Displacement and resettlement.

Labor conditions and rights.

Inclusion of diverse populations in decision‑making.

These issues shape whether NEOM is seen as a project for the world or primarily for investors and a global elite.

Economic Viability and Opportunity Cost With headline budgets in the hundreds of billions, critics ask:

Will enough people and businesses actually choose to live and work in NEOM to justify the investment?

Could similar funds have produced broader benefits if directed toward incremental upgrades of existing cities, education, and services instead of a new mega‑region?
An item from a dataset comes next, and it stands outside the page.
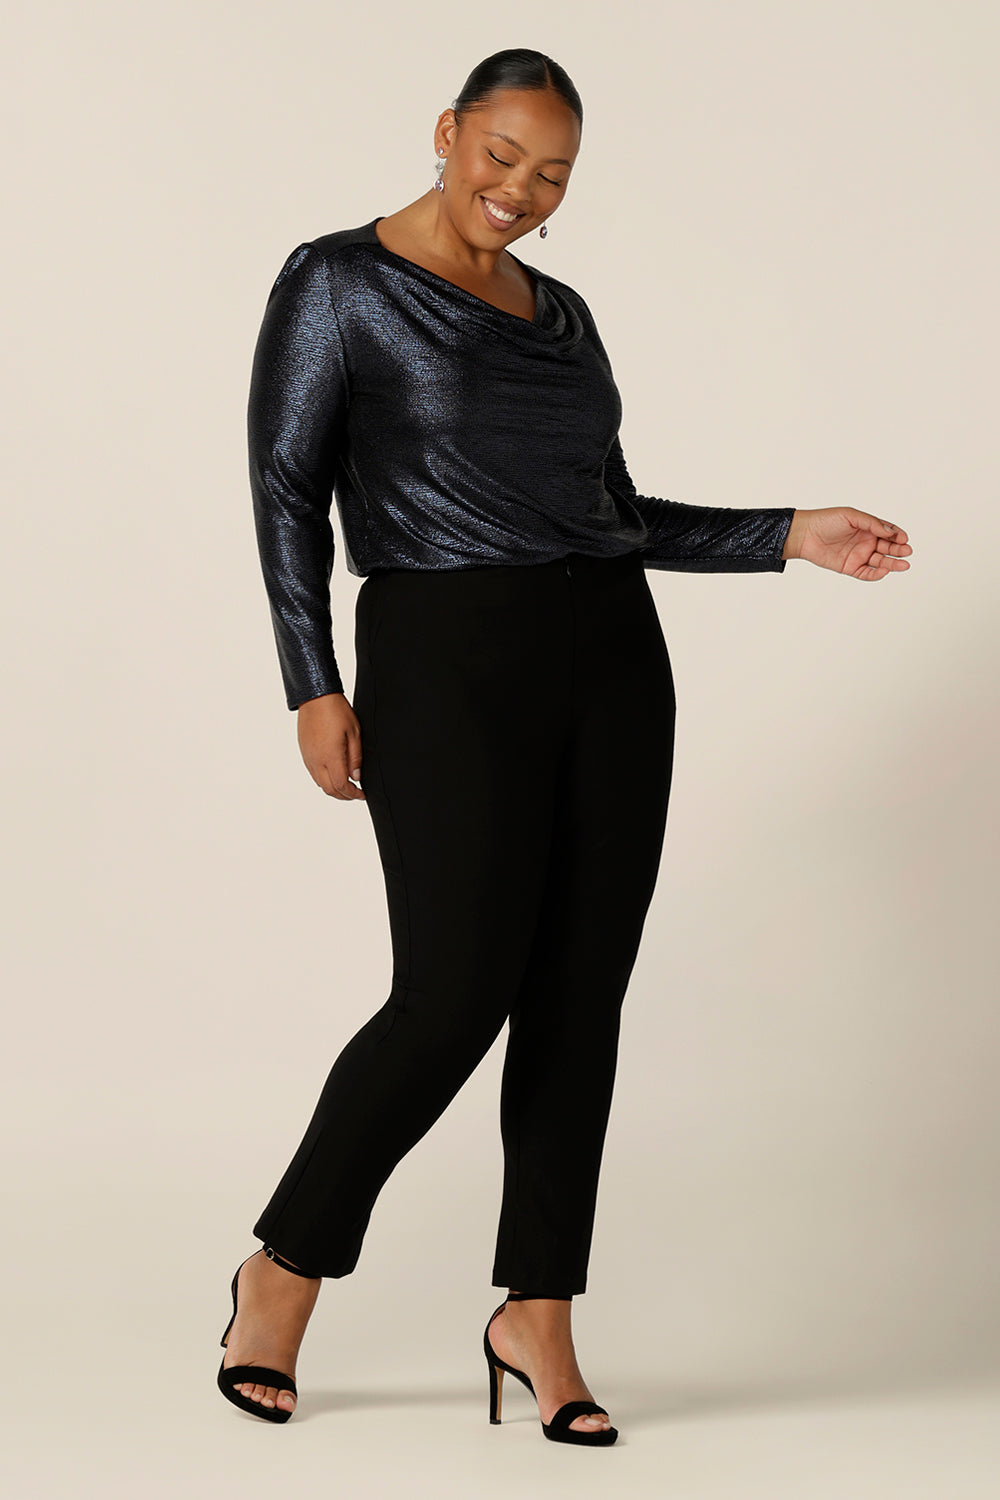 A long sleeve occasionwear top with cowl neck in shimmering midnight blue jersey fabric, size 18 is worn with slim leg, black evening trousers, size 18. Both plus size occasionwear garments are made in Australia in sizes 8 to 24 by Australian and New Zealand women's fashion label, L&F.

From Vision to “Reality Lite” By 2026, “reality check” analyses openly describe a gap between the original promises and what has been built:

Population targets cut (e.g., from around 1.5 million to a few hundred thousand in early phases).

The Line’s built extent limited to a few kilometers, not 170 km.
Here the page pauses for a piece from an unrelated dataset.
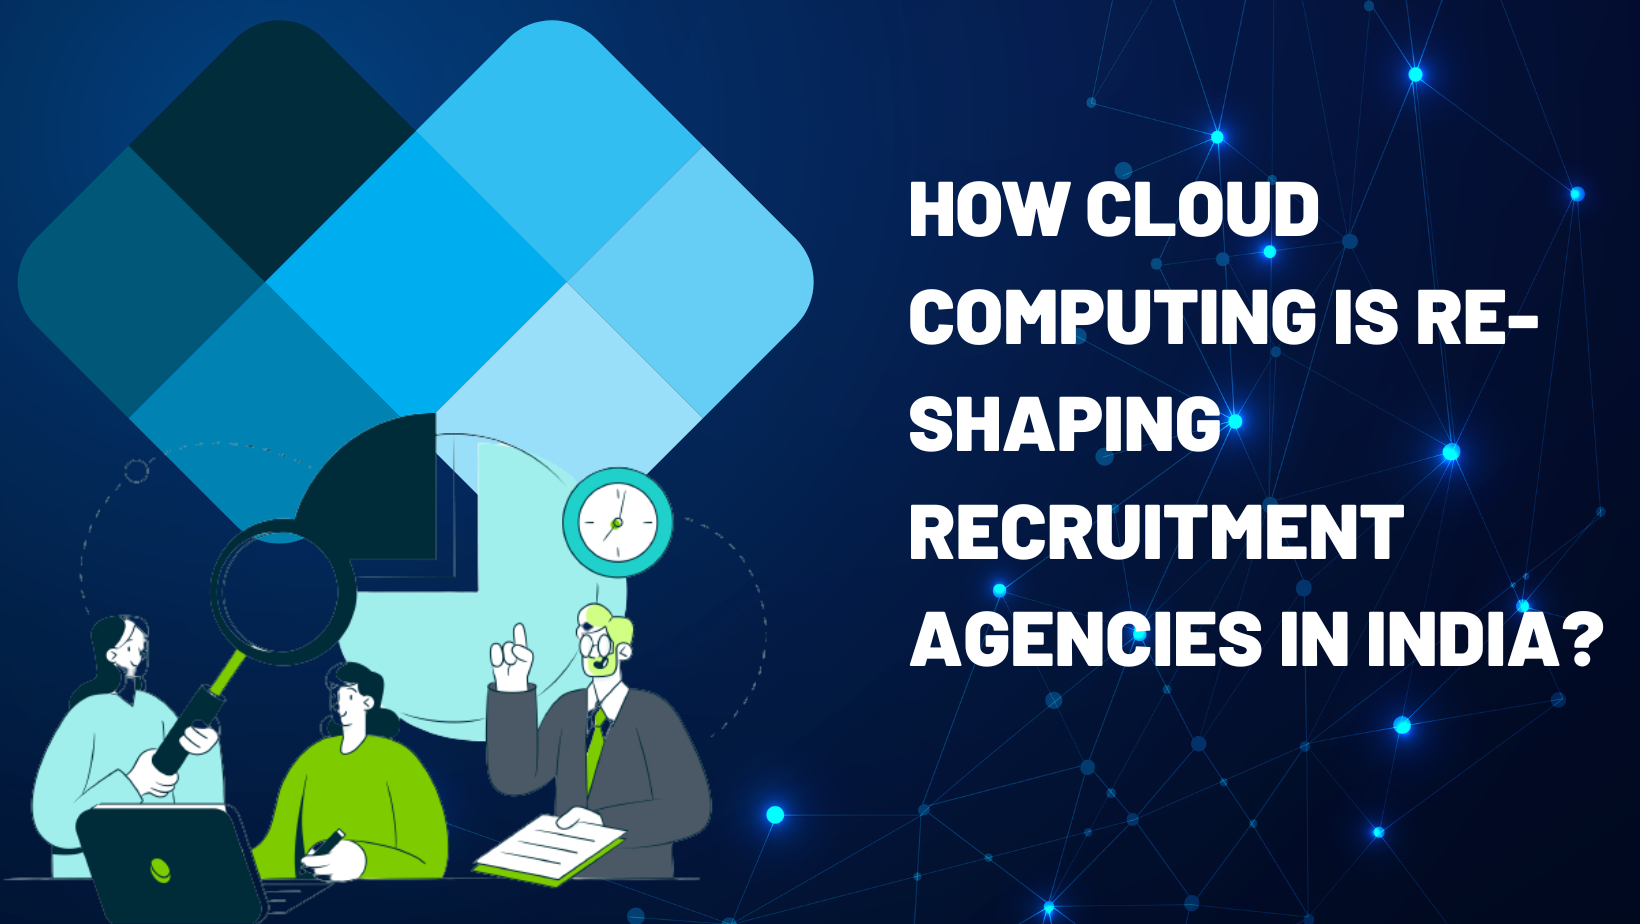 How Cloud computing is re-shaping Recruitment agencies in India?

Focus shifted to a smaller set of deliverable projects (Sindalah, hydrogen, data centers) rather than the full sci‑fi city.
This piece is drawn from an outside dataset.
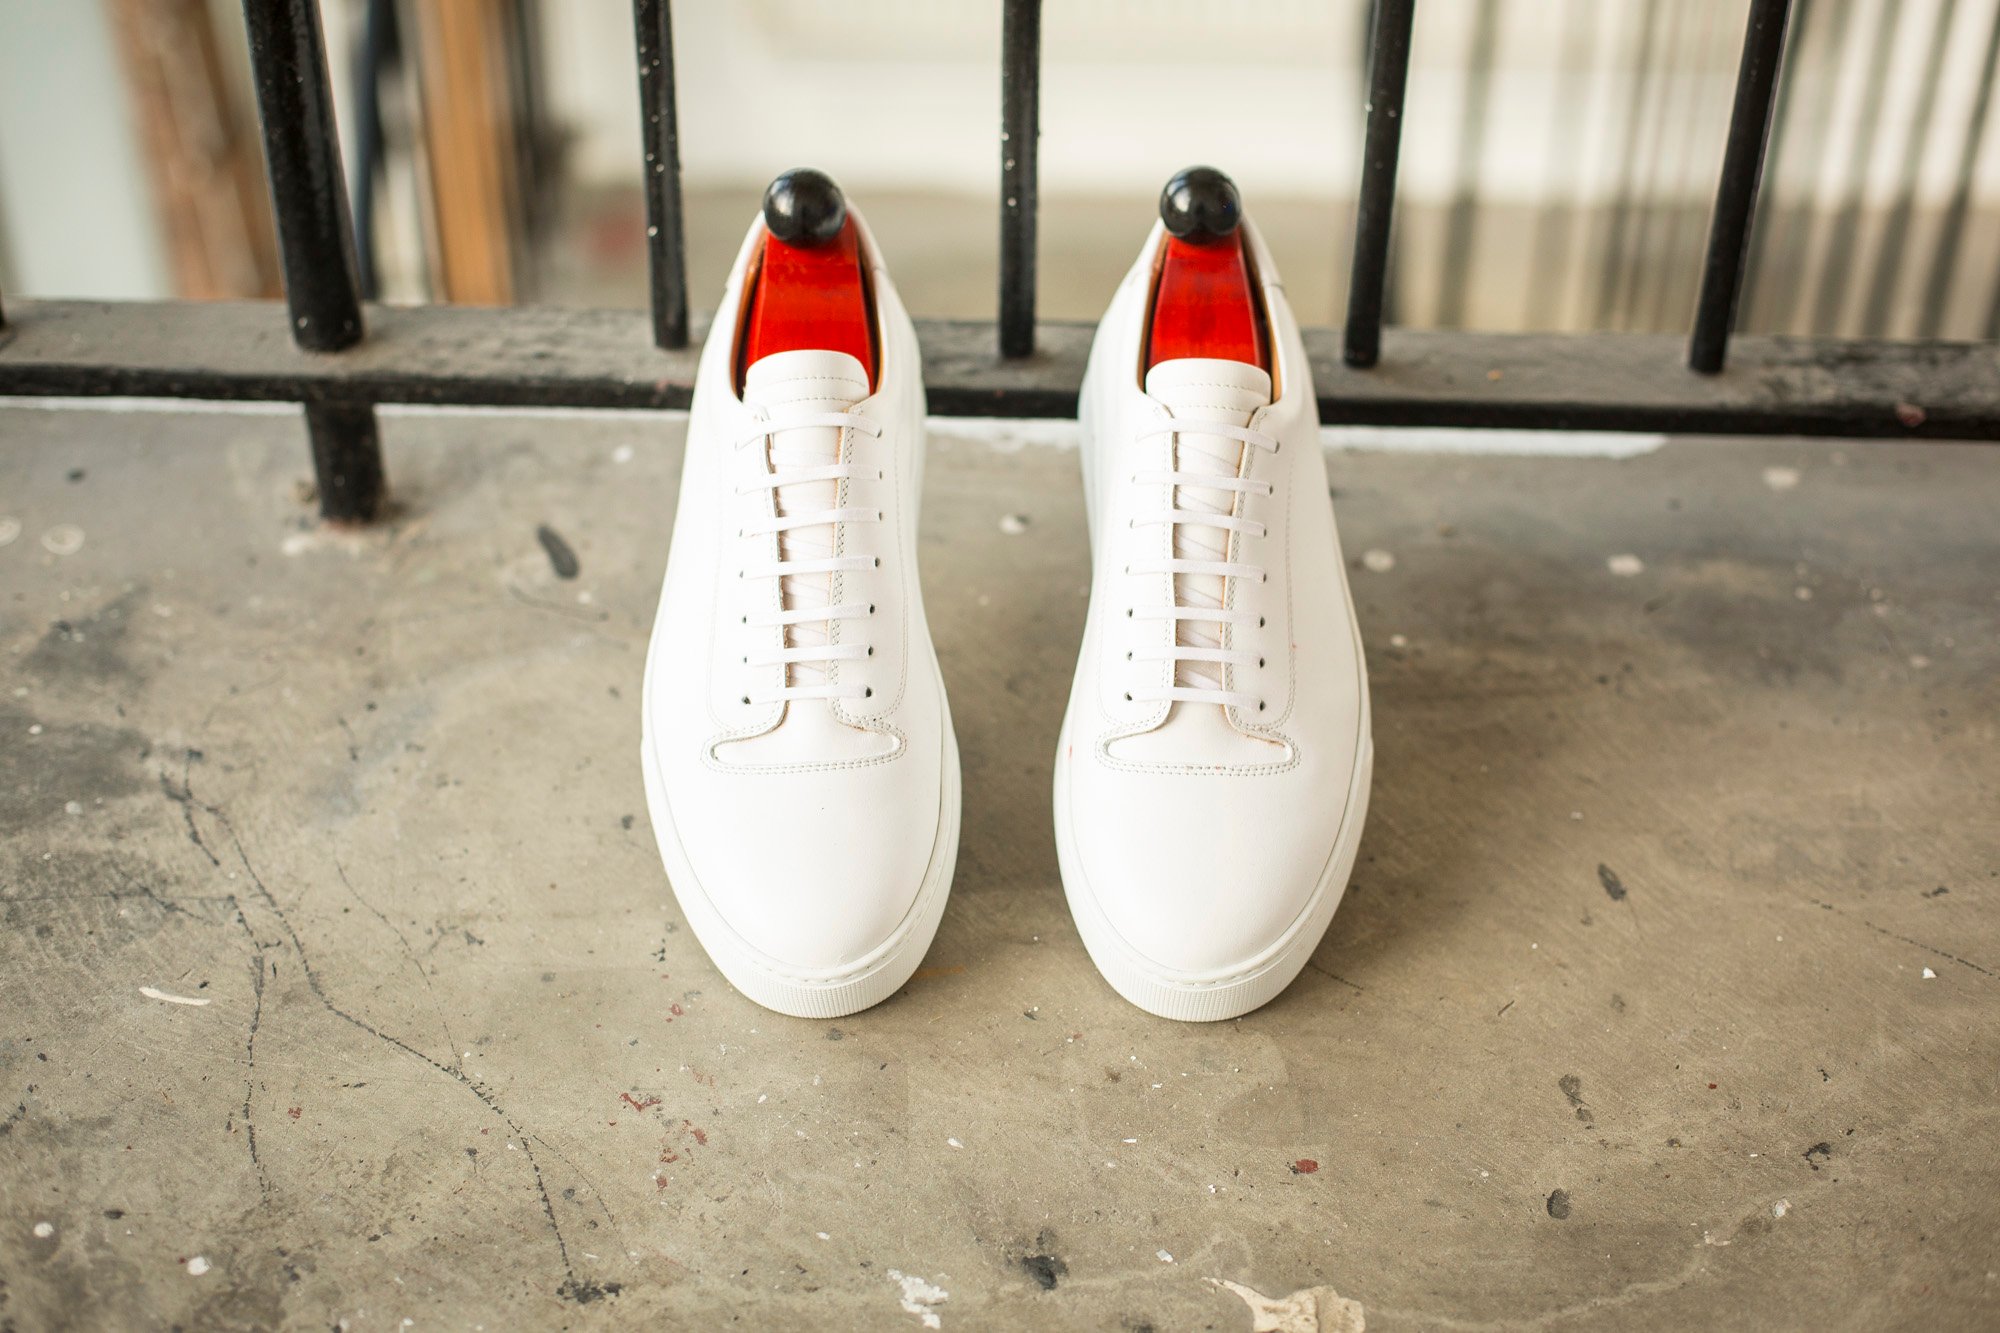 J.FitzPatrick Sneakers Round 1 - Now Available!

This raises the question: is NEOM an experimental region adapting sensibly to constraints, or a scaled‑down version of an over‑promised dream?

6. Real Contribution to Work, Technology, and Society
Potential Contributions
Green Energy and Climate Solutions:
NEOM’s green hydrogen plant and renewable infrastructure, if completed and operated successfully, could help decarbonize hard‑to‑abate sectors and create exportable expertise.

Digital and AI Ecosystem:
Data centers and AI partnerships can make NEOM a regional digital hub, supporting startups, research, and advanced industries.—if they are adequately integrated with education, skills training, and inclusive hiring.

Urban Innovation Lab:
Even a few kilometers of The Line can function as a live prototype for high‑density, car‑free development and integrated smart‑building systems, informing future urban projects worldwide.

Limits and Concerns
Scalability and Replicability:
A project backed by hundreds of billions of dollars and a sovereign wealth fund is hard to replicate elsewhere. The risk is that NEOM becomes a one‑off showcase rather than a model that other cities can realistically adopt.

Distribution of Benefits:
If the most advanced parts of NEOM primarily serve tourists, multinationals, and wealthy residents, its contribution to everyday quality of life for ordinary citizens—inside and outside Saudi Arabia—may be limited.

Governance and Rights:
For NEOM to serve as a credible model of the future of cities, it will need governance mechanisms that address concerns about environmental impact, local communities, labor, and civil liberties, not just infrastructure and AI.

7. How to Think About “Most Futuristic Buildings” in 2026
In 2026, The Line and NEOM represent the clearest example of futuristic buildings under construction with truly massive budgets:

They have pushed the global imagination about what a city could be, combining radical urban form, smart‑building technology, AI, and green energy at unprecedented scales.

At the same time, reality has forced a major scaling‑back and re‑prioritization, revealing the practical limits of ultra‑ambitious timelines and budgets.

When evaluating them, it helps to separate:

The vision (170 km, 9 million people, zero carbon, fully AI‑run),

The current reality (a few kilometers built, selected projects progressing, digital pivot), and

The long‑term legacy (which will depend on how much of NEOM’s technology and urban learning is shared and adapted in more ordinary, less spectacular contexts).

If NEOM’s lessons in renewables, hydrogen, smart‑building management, and high‑density car‑free planning are eventually applied to existing cities and more modest projects, its vast budgets could yield genuine global benefits. If not, it may be remembered mainly as the most ambitious—and most heavily scaled‑back—futuristic building experiment of the early 21st century.